Sérgio de Magalhães Gomes Jaguaribe (February 29, 1932 – August 24, 2025), known by the pseudonym Jaguar, was a Brazilian cartoonist and comics artist. He achieved notoriety as one of the founders of the satirical newspaper O Pasquim in 1969, which became a symbol of opposition to the military dictatorship in Brazil. Jaguar is famous for creating the character Sig, the newspaper's mascot mouse, and for his humorous and ironic style that circumvented censorship, inspiring other journalists and cartoonists.

==Life and career==

===Early career===
Originally a Banco do Brasil clerk, Jaguar started sketching on a professional basis in 1952, when he offered the weekly magazine Manchete some cartoons loosely inspired by the work of the French-Hungarian cartoonist André François. After working for Manchete and the culture monthly Senhor, he became famous in the 1960s for his works, among whose highlights were his illustrations to the collections of satirical chronicles by Sergio Porto entitled FEBEAPÁ (acronym for "The Festival of Stupidities that plagues our country" - the chronicles dealt mostly with the petty ridicules of the Military Dictatorship in Brazil), as well as his cartoon anthology "Átila, você é bárbaro" ("Attila, you're barbarous!"). In 1969 -together with his fellow cartoonists Millôr Fernandes, Ziraldo and other journalistic celebrities, he founded the groundbreaking satirical newspaper O Pasquim.

===Critical acclaim===
One of his most popular creations at the time was the comic strip Chopiniks (from "chope", a Brazilian vernacular for draft beer), which was sketched by Jaguar on scripts written by Ivan Lessa. Originally designed as a means to advertise a new brand of beer, the strip was a satirical portrayal of the bohemian 1960s Rio de Janeiro intelligentsia that gathered around the neighbourhood of Ipanema, its chief characters being the bohemians Robespierre (from Maximilien Robespierre: the character was created after a friend of Jaguar's actually named Marat, after the French revolutionary) and "BD" (named after another friend of Jaguar's, the bohemian Hugo Bidet), who had as their sidekick BD's pet Sig (from "Sigmund"), a neurotic, debauched mouse (in the stories he's called a rat), who had as his real life model Bidet's pet white mouse (who died after being treated to a diet of bread crumbs drenched in vodka), but was at the same time conceived as a satirical answer to Mickey Mouse. Sig was in charge of most of the story's comic vignettes, many of whom were actual bon mots who had found their way into Jaguar's strip. Such is the case with the famous tag: "Intellectuals don't go to the beach. Intellectuals booze" (Intelectual não vai à praia. Intelectual bebe) - a phrase attributed by Jaguar to the journalist Paulo Francis - which is reproduced in one of the strips as being spoken by BD .
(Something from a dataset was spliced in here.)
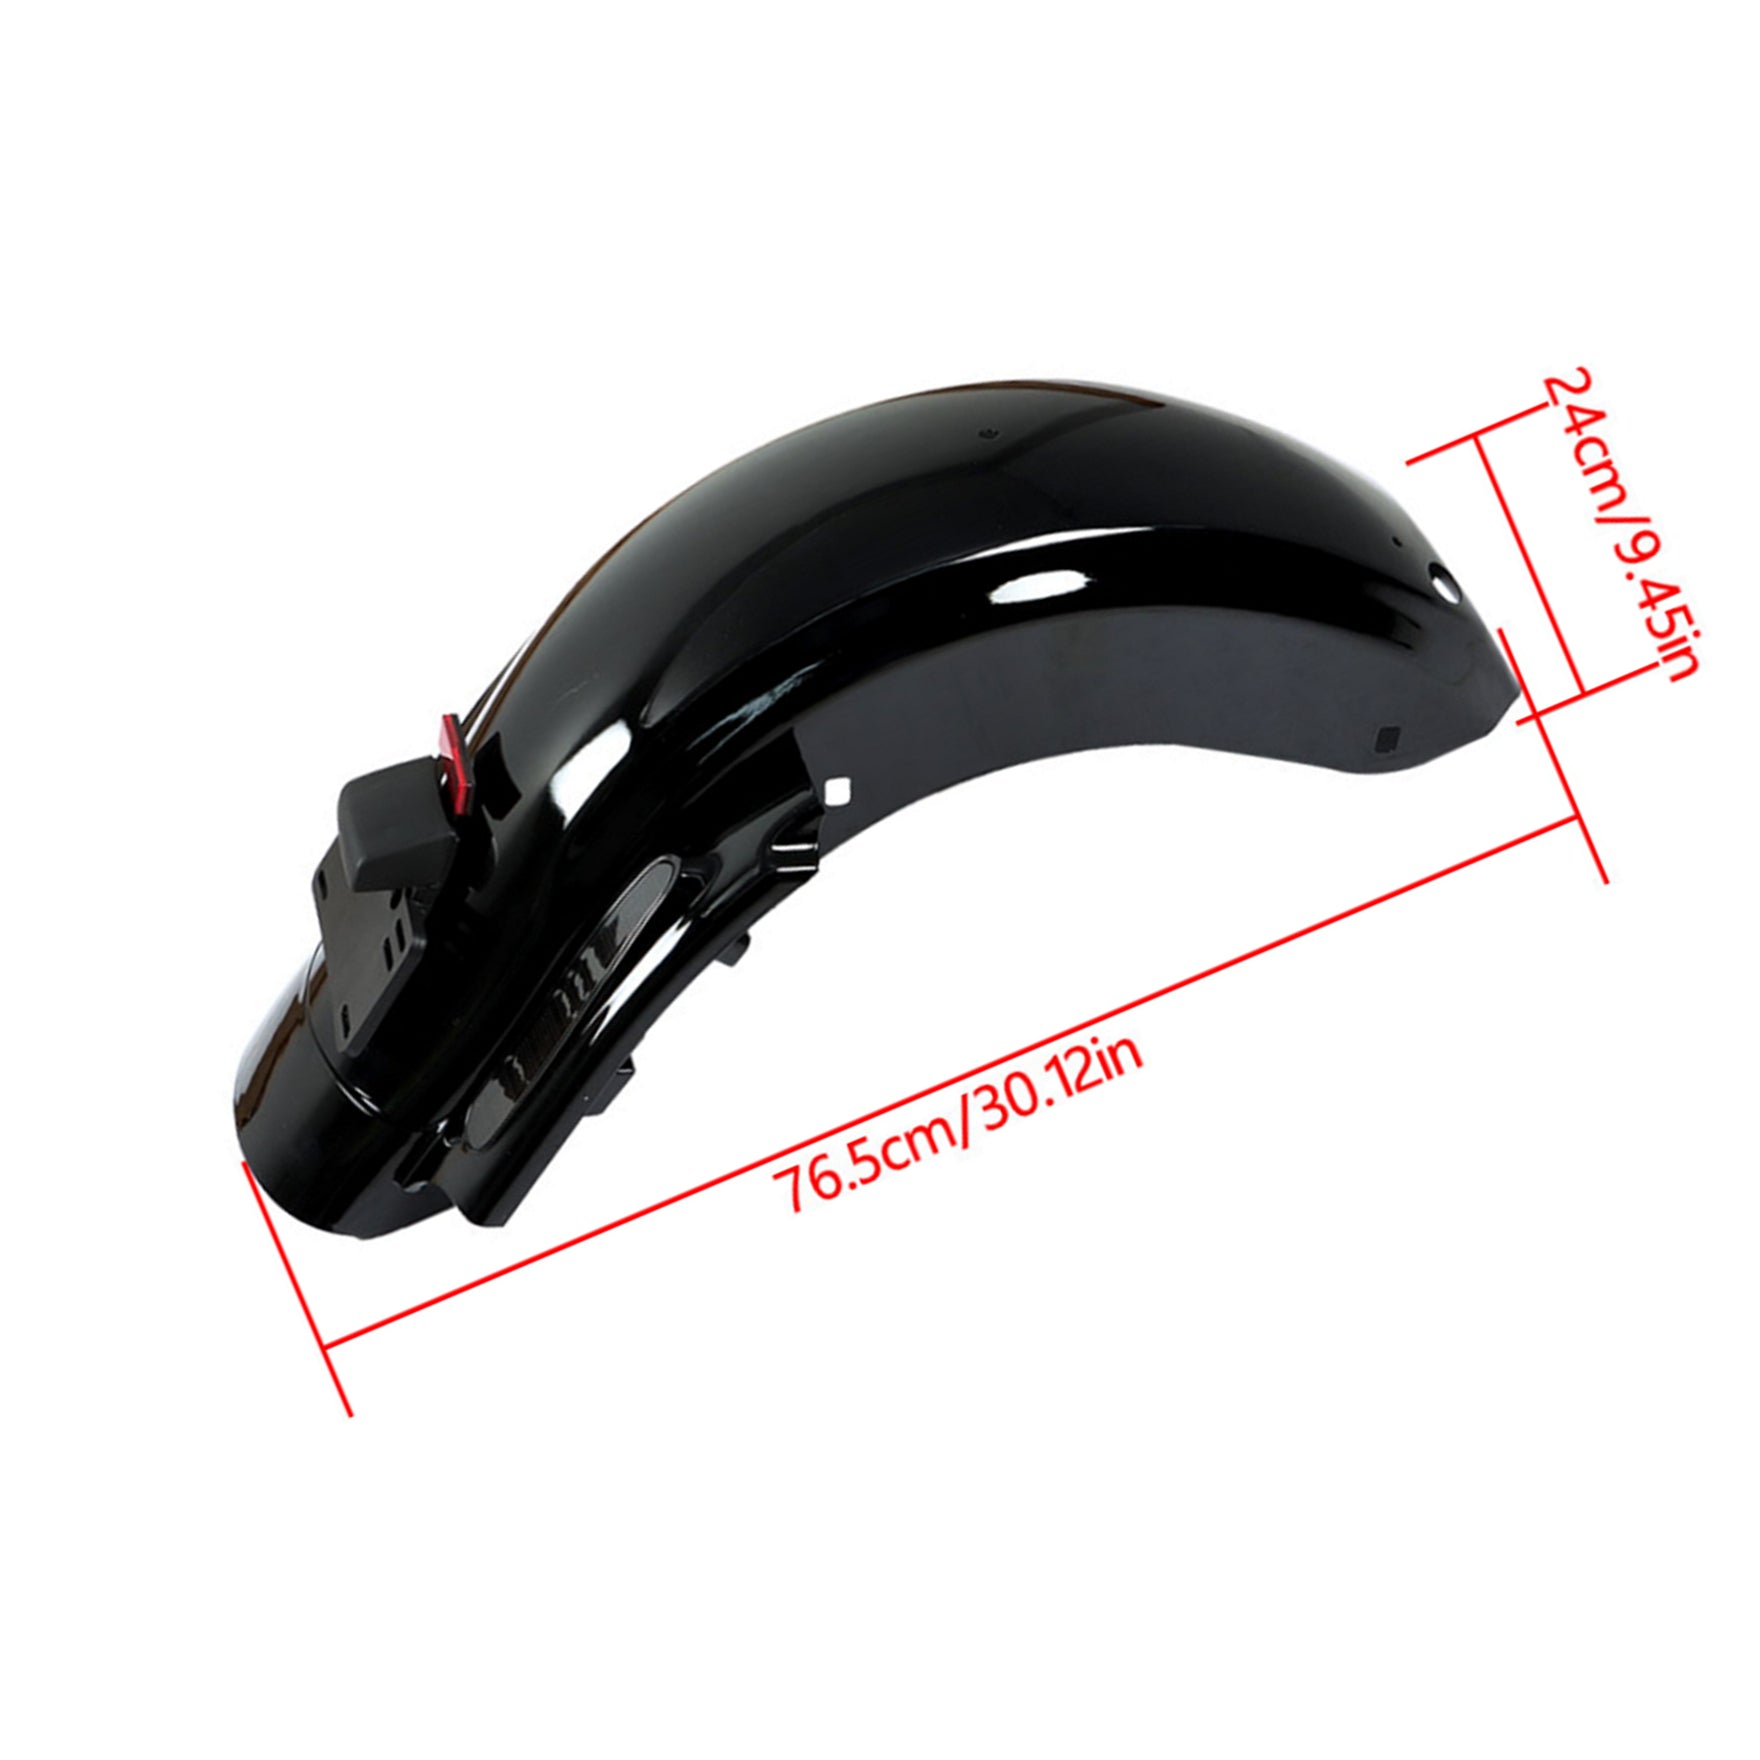 labwork Black Motorcycle Rear Fender System Lights CVO Style Replacement for Touring Electra Glide Road Glide Road King Street Glide 2009-2013
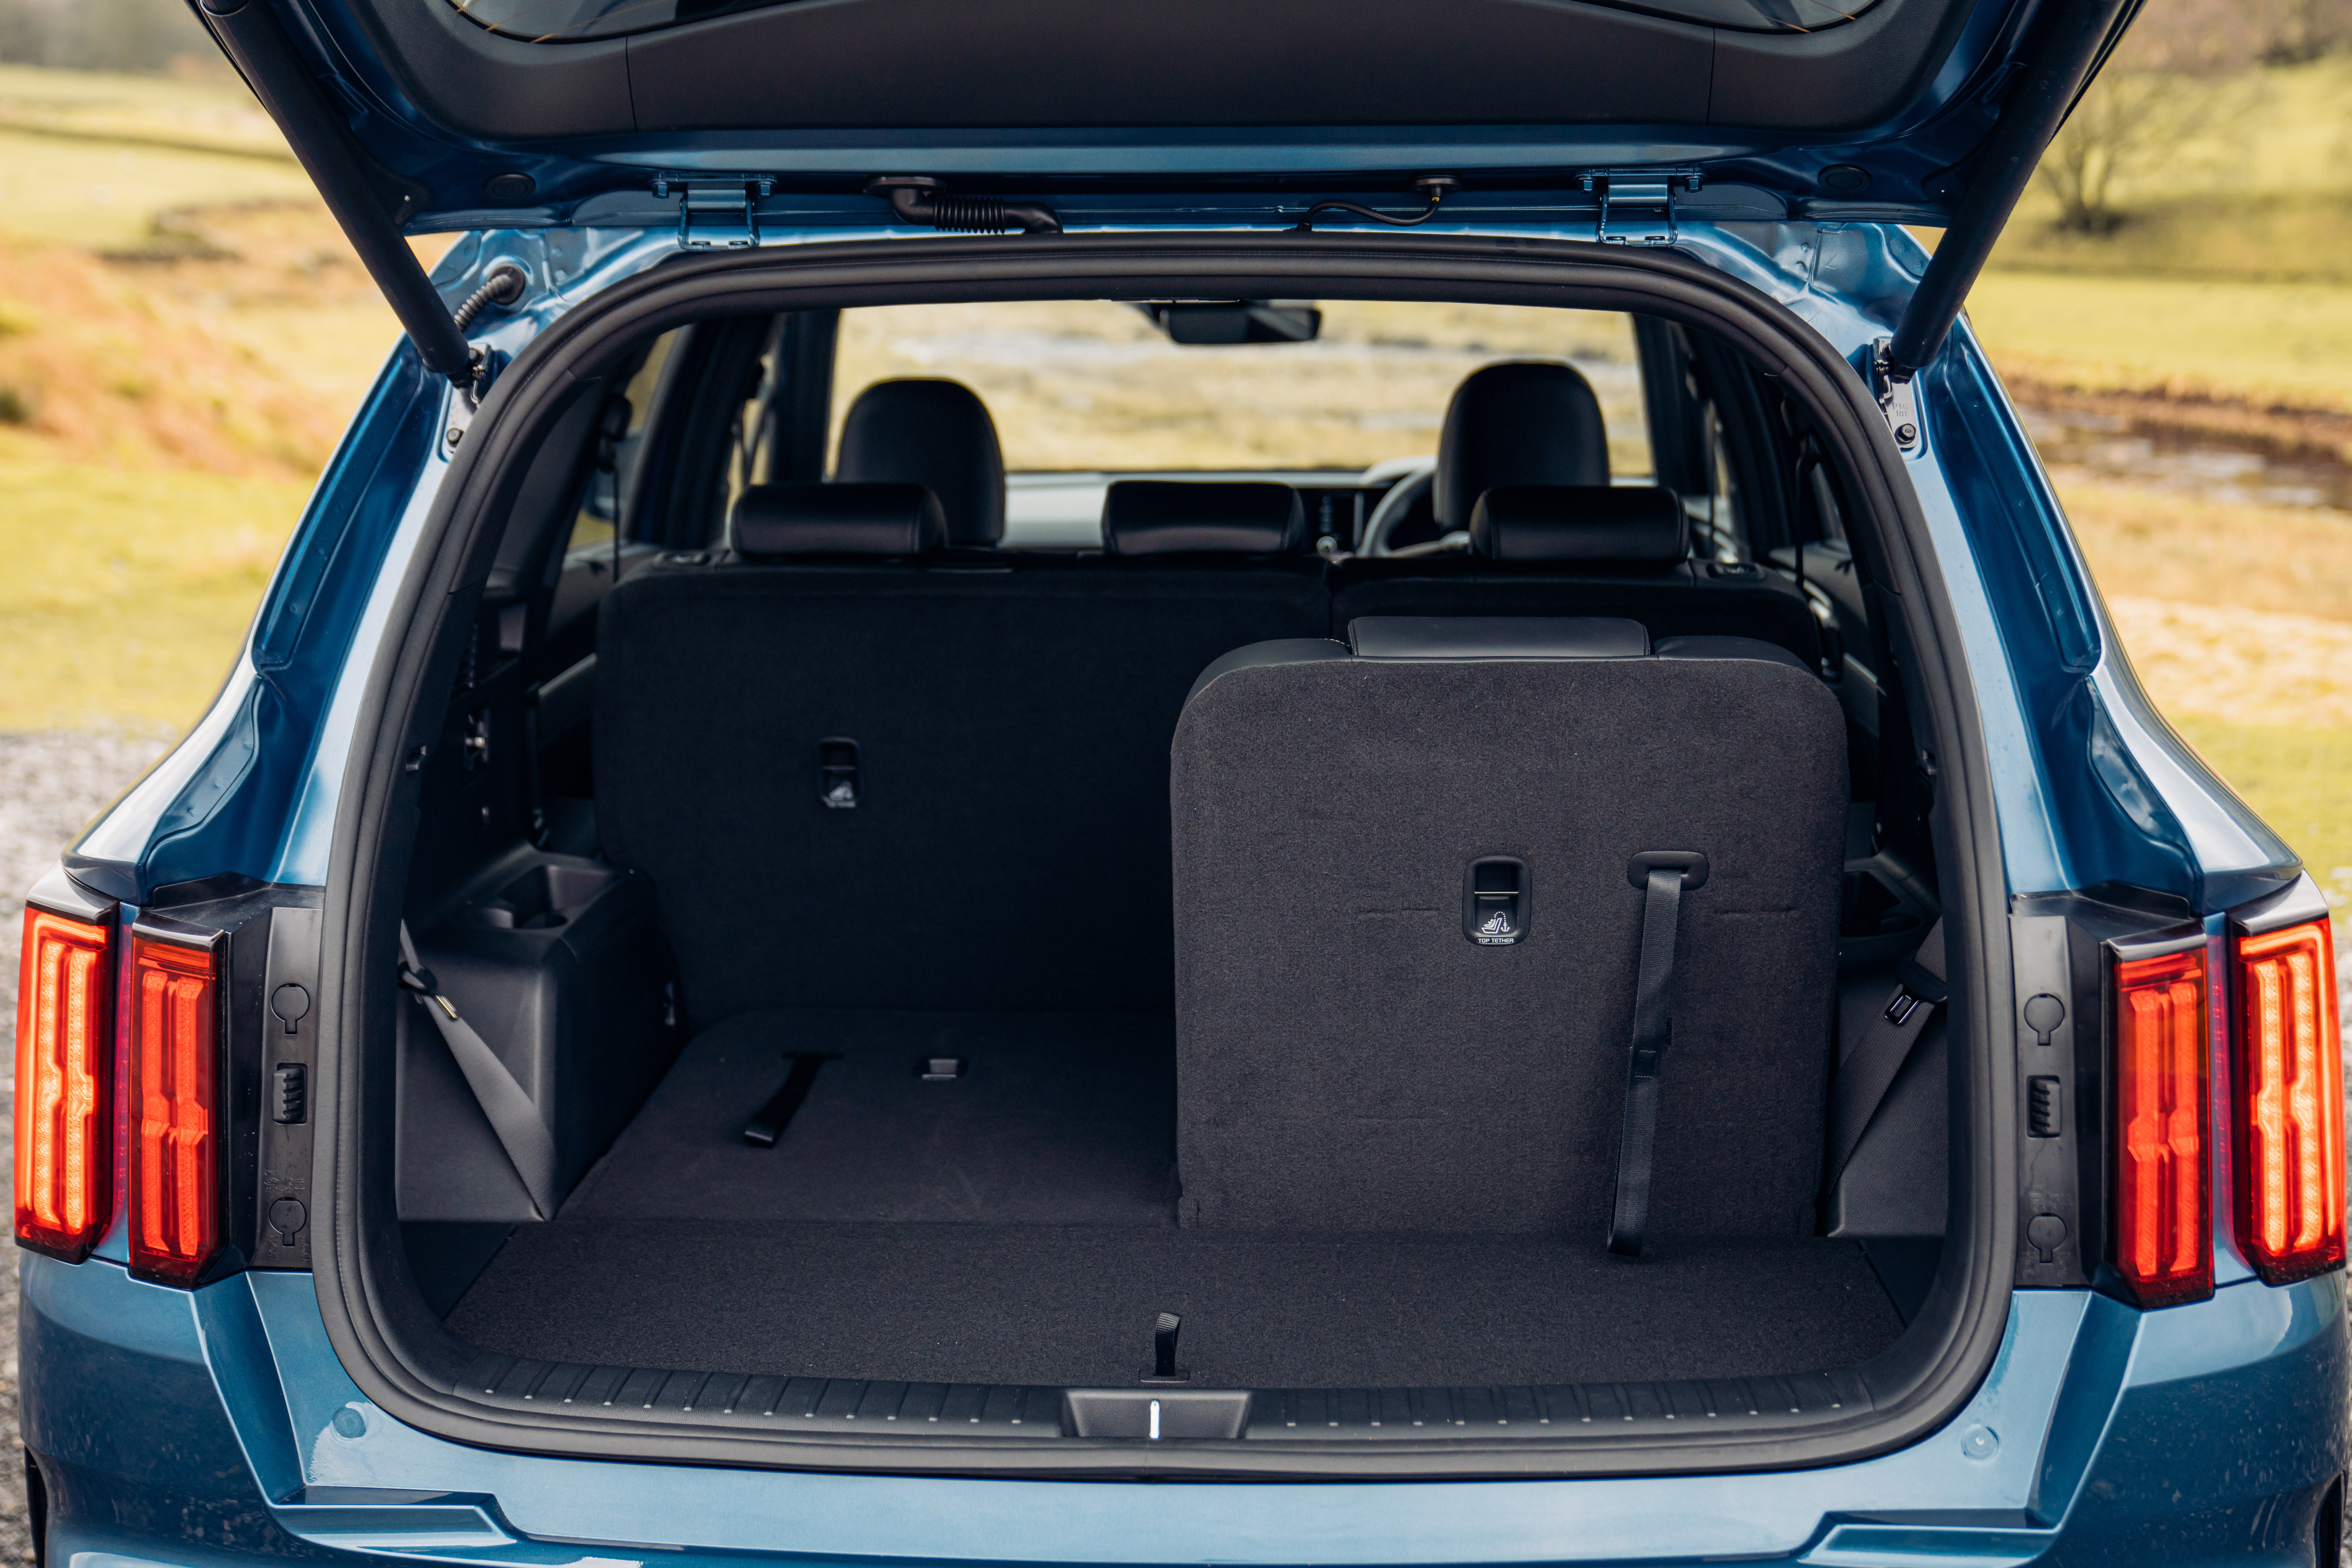 The Sorento is a seven-seater, with the option of one or two retractable jump seats for kids in the boot

In a late interview, Jaguar defined himself as a cartoonist, in the Brazilian vernacular sense of a cartum maker - cartum meaning a graphic joke based on stock models and situations, as opposed, in Jaguar's view, to caricature, which is concerned with offering satirical commentary on an actual situation. In the portrayal of a particular milieu - that of bohemian 1960s Rio - he actually excelled, if only to be superseded by the demise of the same milieu.

===Pasquim foreclosure===
Jaguar was the last of the original Pasquim founders that continued editing the paper through the 1980s, when the weekly had lost almost all of its customers and influence. Jaguar had to bank on the financial support of the Rio de Janeiro governor Leonel Brizola.

When even that was not enough, Jaguar closed down the paper in 1991, something that left him personally bankrupt and saddened. During the 1990s, he worked as an editor at the tabloid daily A Notícia. In a 2001 interview, he said that "if I were a type who cared, I would have myself killed long ago".

== Death ==
Jaguar died in Rio de Janeiro on 24 August 2025, at the age of 93.